Reza Rafie, a niche crop specialist at the Virginia Cooperative Extension at Virginia State University, grows his own pawpaws on his Colonial Heights farm. (Mechelle Hankerson/The Virginia Mercury)
By Macy Pressley/ Capital News Service
Countless Virginians remember biting into the custardy sweetness of a pawpaw, the peculiar combination of mango and banana filling their mouths as the drops of juice dribbled down their chins, the perfect treat for a sweltering late August afternoon.
These memories might be honored with state recognition, but not until at least 2021, after a House bill was recently continued to next session.
House Bill 592, sponsored by Del. Elizabeth Guzman, D-Prince William, would have honored pawpaws as the official state fruit. The measure was proposed after a local scout troop noticed Virginia is without state fruit representation. Ashley Jacobs, assistant leader of the 53rd Barred Owls of Gainesville, said the scouts noticed the discrepancy during a hike.
“The scouts went through and tried to name all the state symbols, like the cardinal and the dogwood flower,” Jacobs said. “But nobody could come up with the state fruit.”
Jacobs said the scouts immediately began to brainstorm.
“This particular trail we were hiking on always has pawpaws,” she said. “We tried the pawpaws and were talking, and we all agreed it should be the state fruit since it is native here.”
Jacobs emailed Guzman, who instructed her team to draft the legislation.
Pawpaws grow in densely wooded areas of Virginia, but are not generally farmed commercially because they have a short shelf life.
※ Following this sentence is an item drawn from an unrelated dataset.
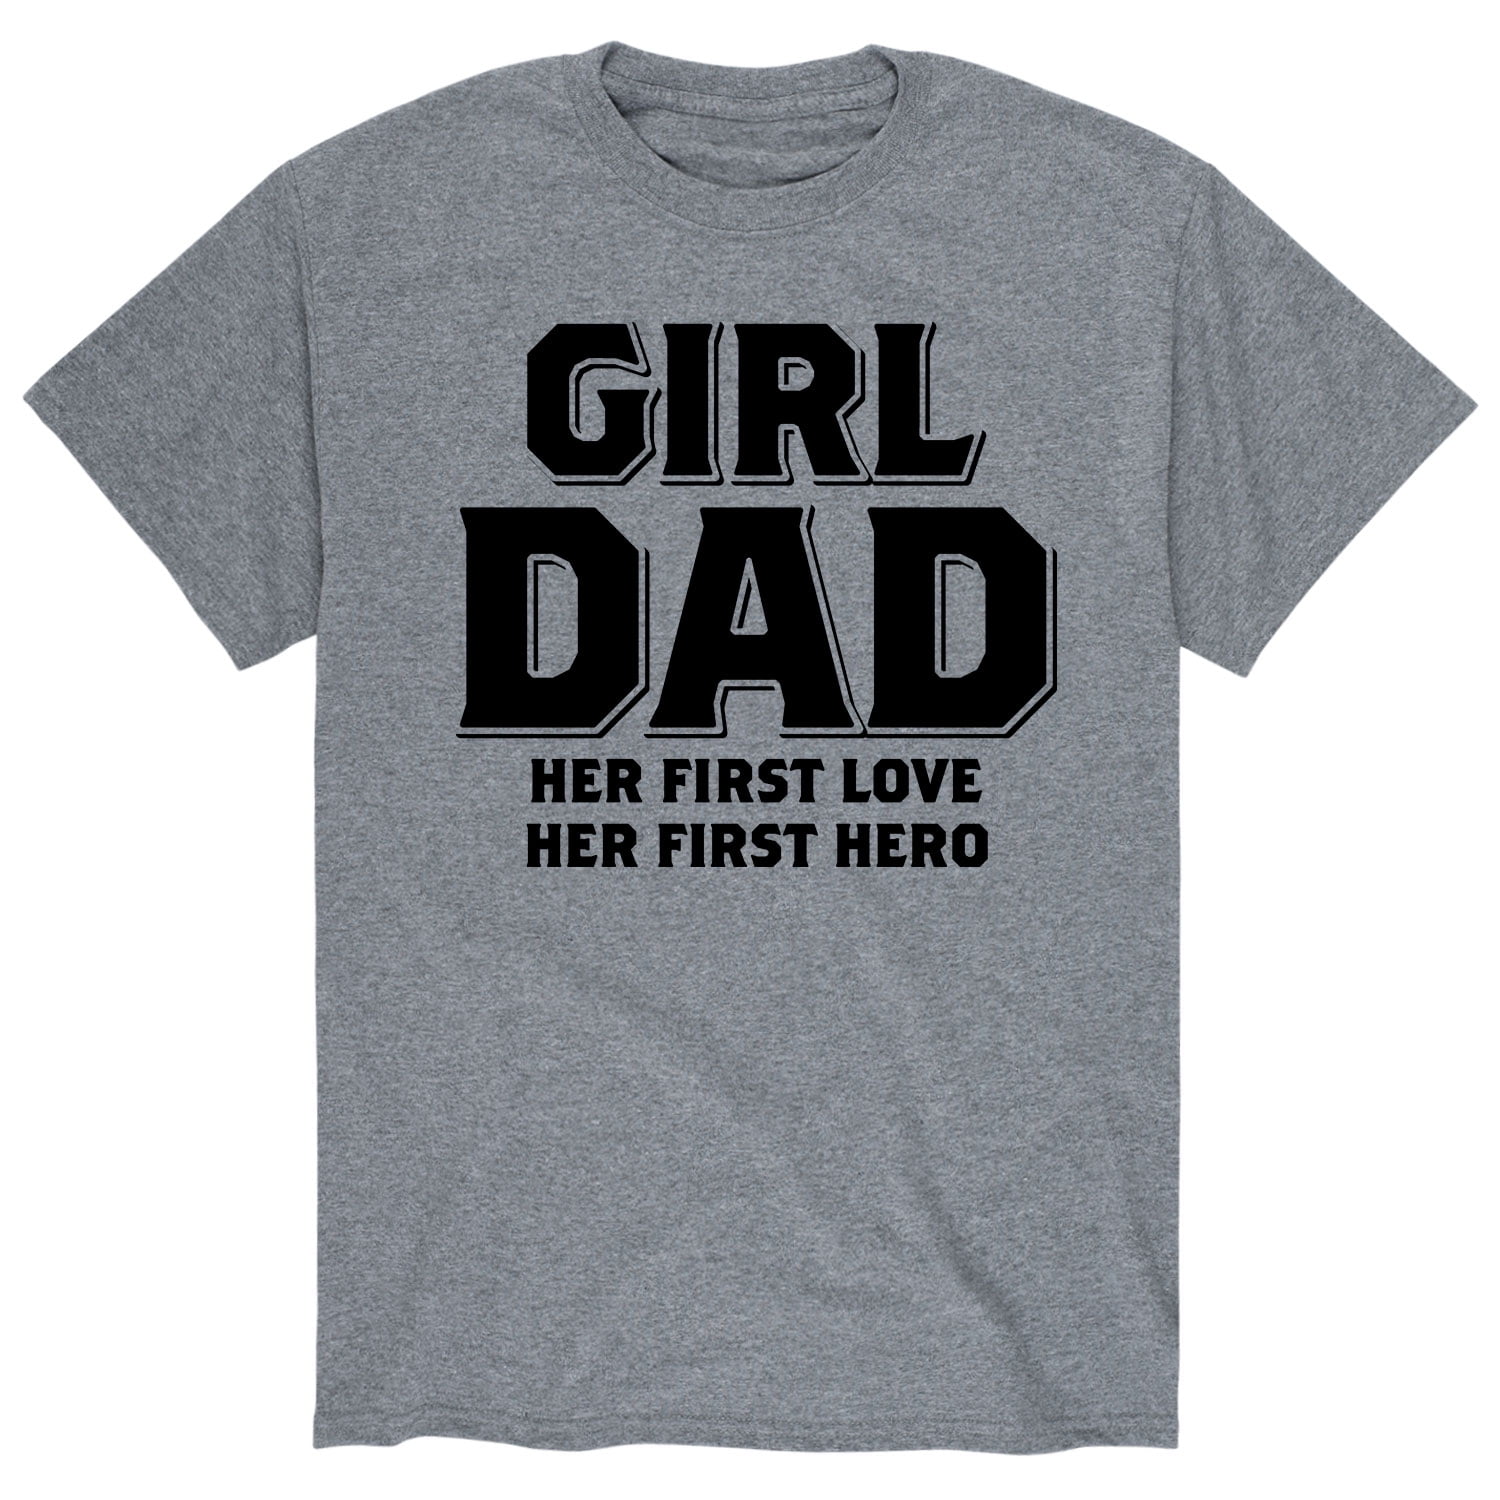 DAD AND DAUGHTER Love Power Short-Sleeve Unisex T-Shirt

A pawpaw lasts for about three days once ripe, which can make commercial farming and transportation difficult.
Guzman said the pawpaw has an important role in Virginia history.
“This is a very popular fruit for Native Americans,” Guzman said. “I think it’s time that we embrace what is originally from here.”
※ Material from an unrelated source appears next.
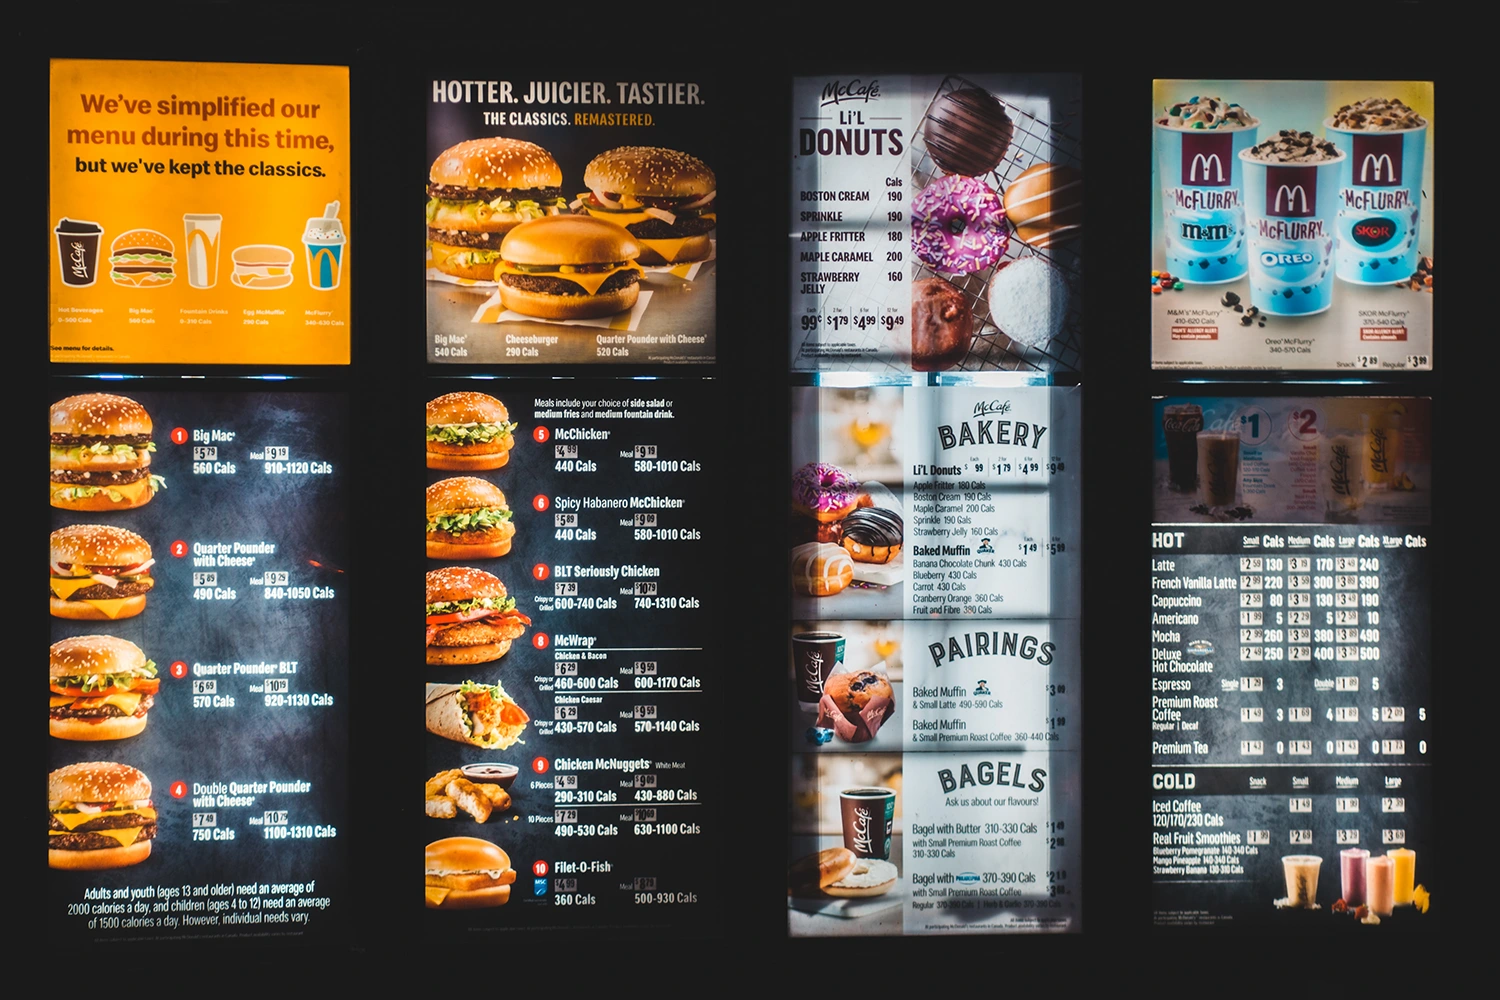 This digital menu board from McDonald's illustrates how companies can use digital menus to promote higher-priced offerings and specials.

She said HB 592 will teach many Virginians about history, as well as local flora and fauna.
“They will know there is a connection between Native Americans and the fruit,” Guzman said. “The fruit is currently celebrated in festivals in Virginia because it shows our history and our resources.”
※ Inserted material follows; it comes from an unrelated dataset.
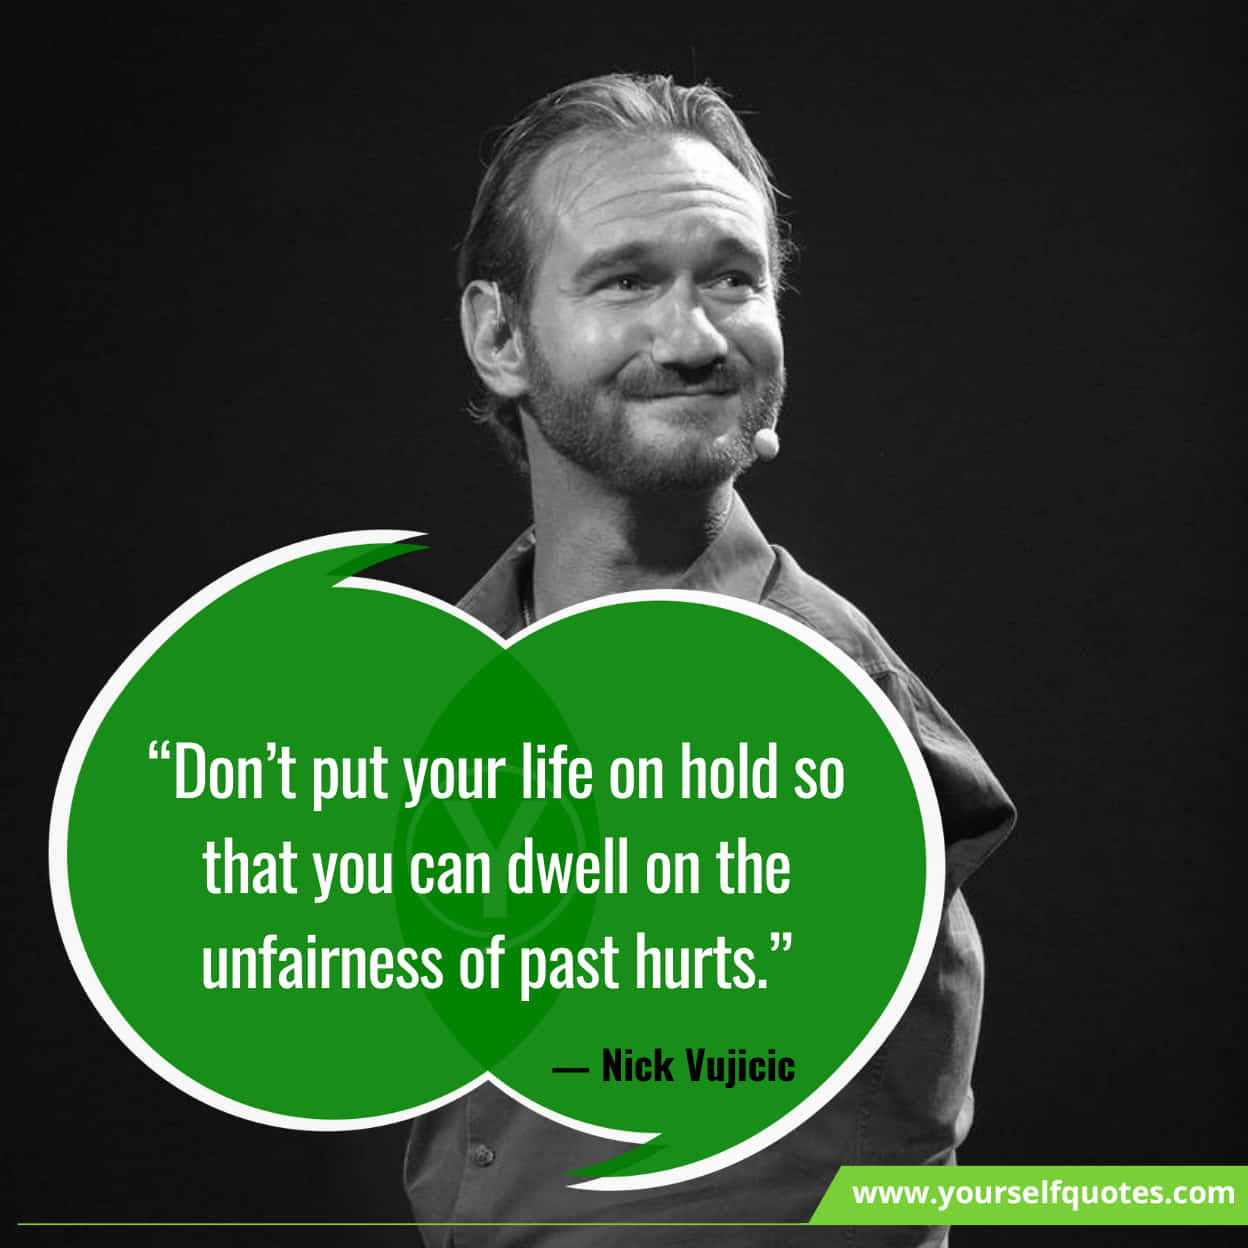 Nick Vujicic Quotes Never Give Up Quotes

Legislative co-sponsor Del. Ibraheem Samirah, D-Fairfax, agreed the bill is one of the lighter topics the General Assembly has tackled this session.
“I think it’s a nice, fun bill that adds a little flavor to state politics,” he said.
Samirah also said the impacts could be far-reaching.
“It’s shifting focus back to the agricultural nature of Virginia,” he said. “Our number one export is agriculture; we take it seriously and we’re always trying to further it in one way or another.”
Samirah hopes the legislation brings attention to farmers and pawpaws. Virginia is well represented by numerous other state symbols. The American foxhound takes the title of state dog, the tiger swallowtail butterfly is the state insect and the Northern cardinal is honored as the state bird.
Jacobs said the bill has taught the scouts a lot about government.
“We were interested in helping our scouts get a better grasp of how their government works,” she said. “Most of them are young. There’s a lot of surprise, like how can this one question go so far?”
Alas, Virginia will have to wait until at least next year to have an official fruit. A subcommittee continued the bill to 2021 by voice vote Thursday.
“If there are any other contenders for state fruit that emerge in the interim we will give them equal consideration,” said Del. Marcus Simon, D-Fairfax, at the meeting. “I hear there’s a big interest in persimmon.”